DATA SECTION:
_____
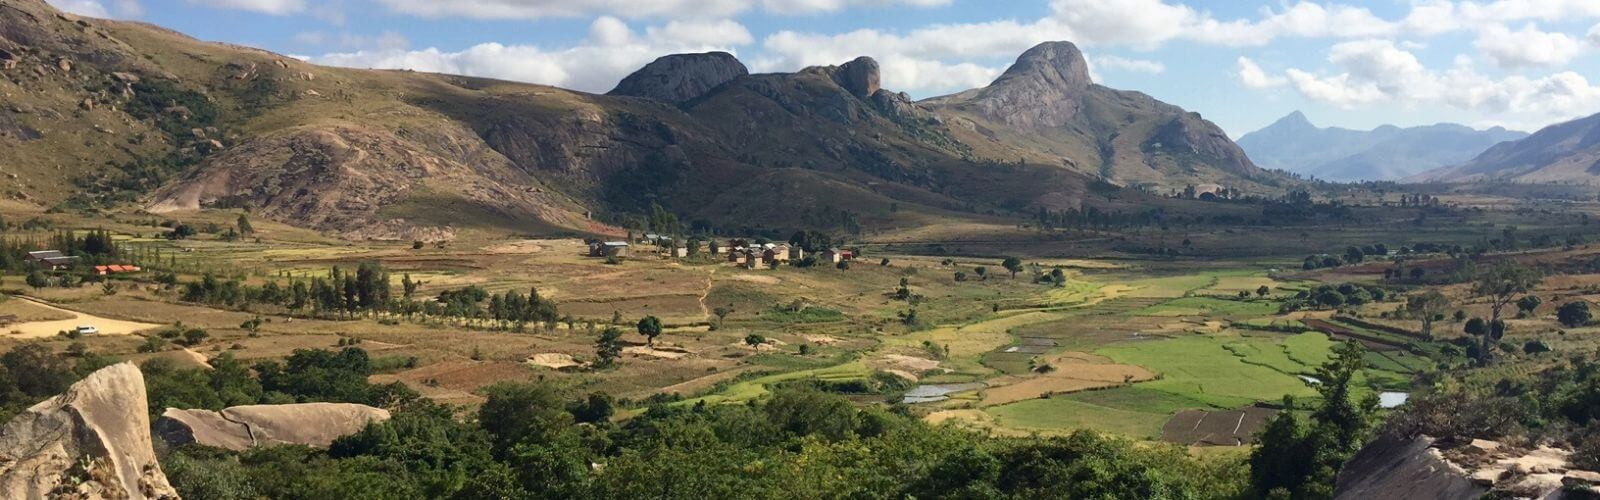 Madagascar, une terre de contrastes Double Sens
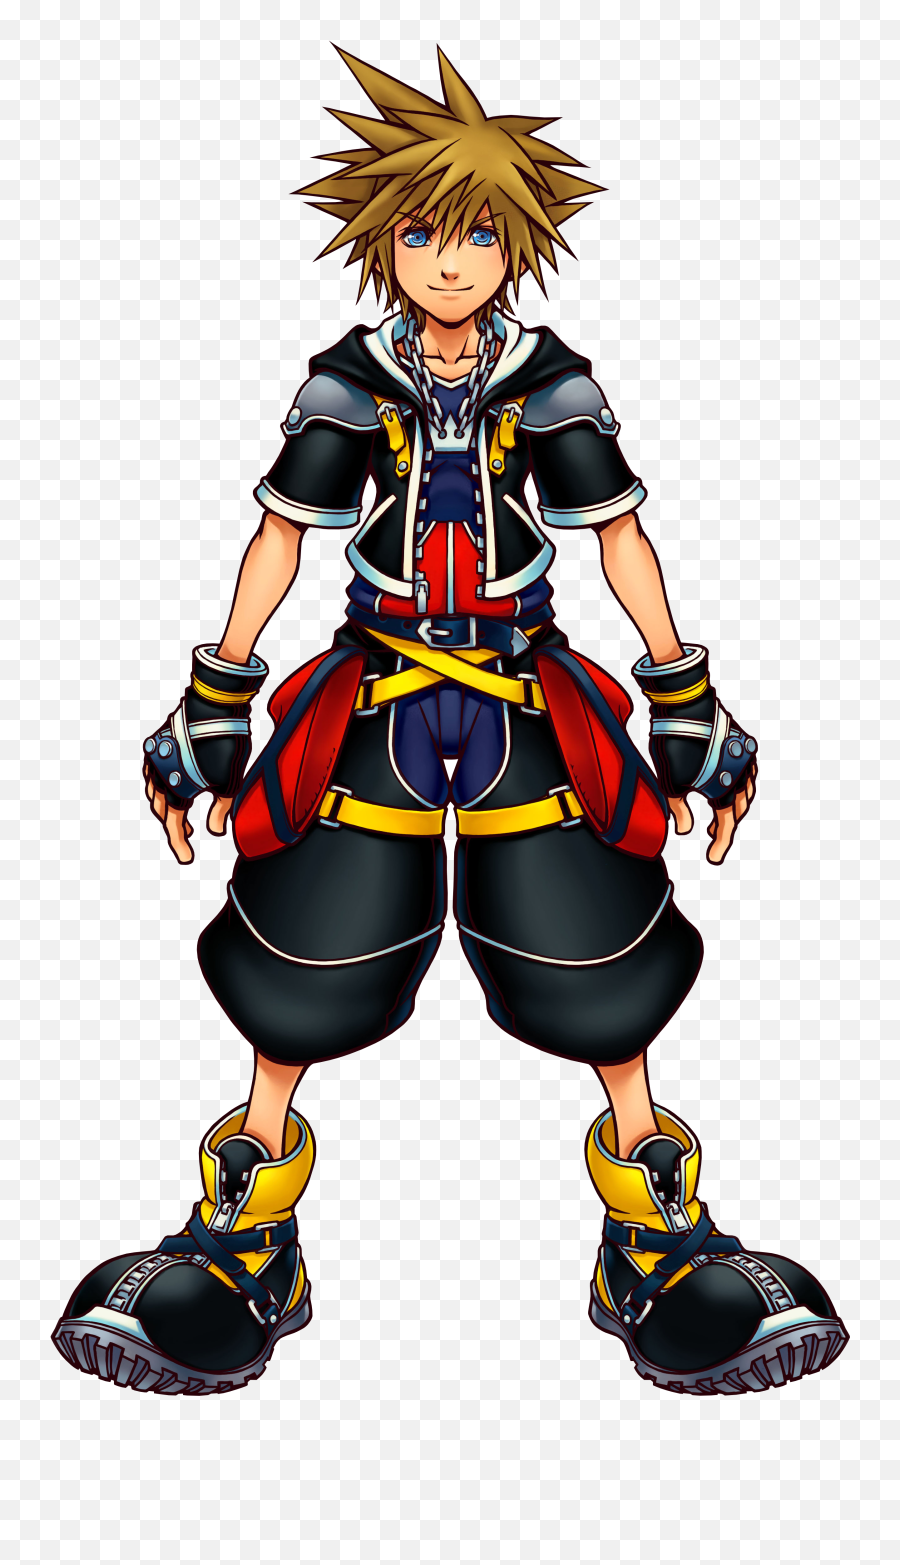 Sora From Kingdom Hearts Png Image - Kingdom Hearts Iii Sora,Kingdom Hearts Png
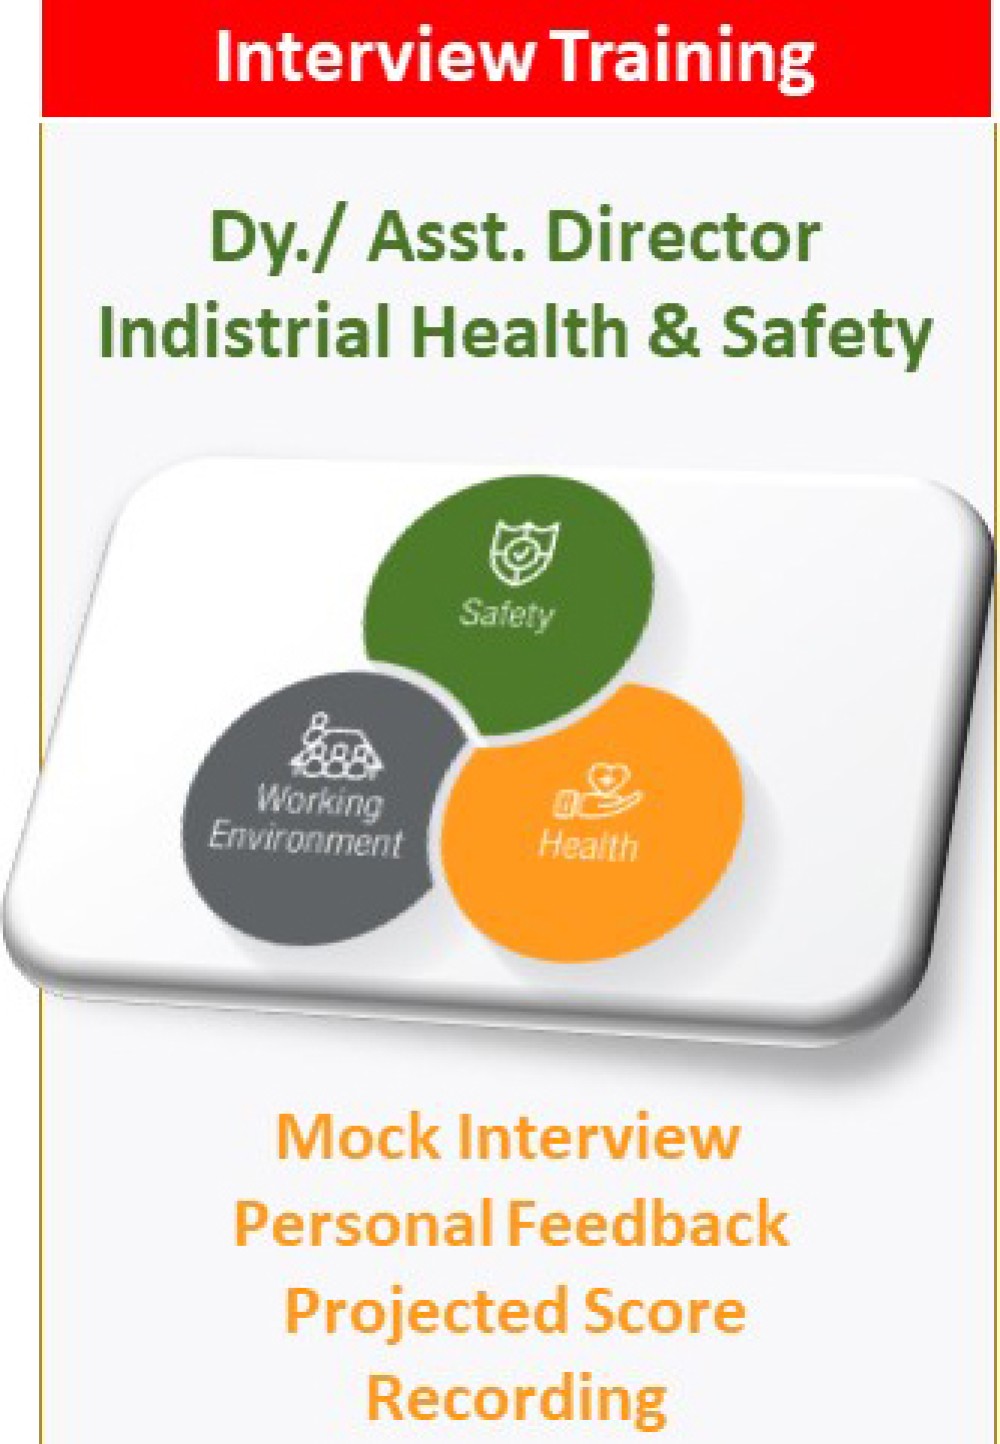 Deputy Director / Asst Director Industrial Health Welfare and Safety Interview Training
_____
WHAT THE EXERCISE ASKS: Copy out every line of the material above precisely, omitting the pictures.

REPLY:
 Madagascar, une terre de contrastes Double Sens
 Sora From Kingdom Hearts Png Image - Kingdom Hearts Iii Sora,Kingdom Hearts Png
 Deputy Director / Asst Director Industrial Health Welfare and Safety Interview Training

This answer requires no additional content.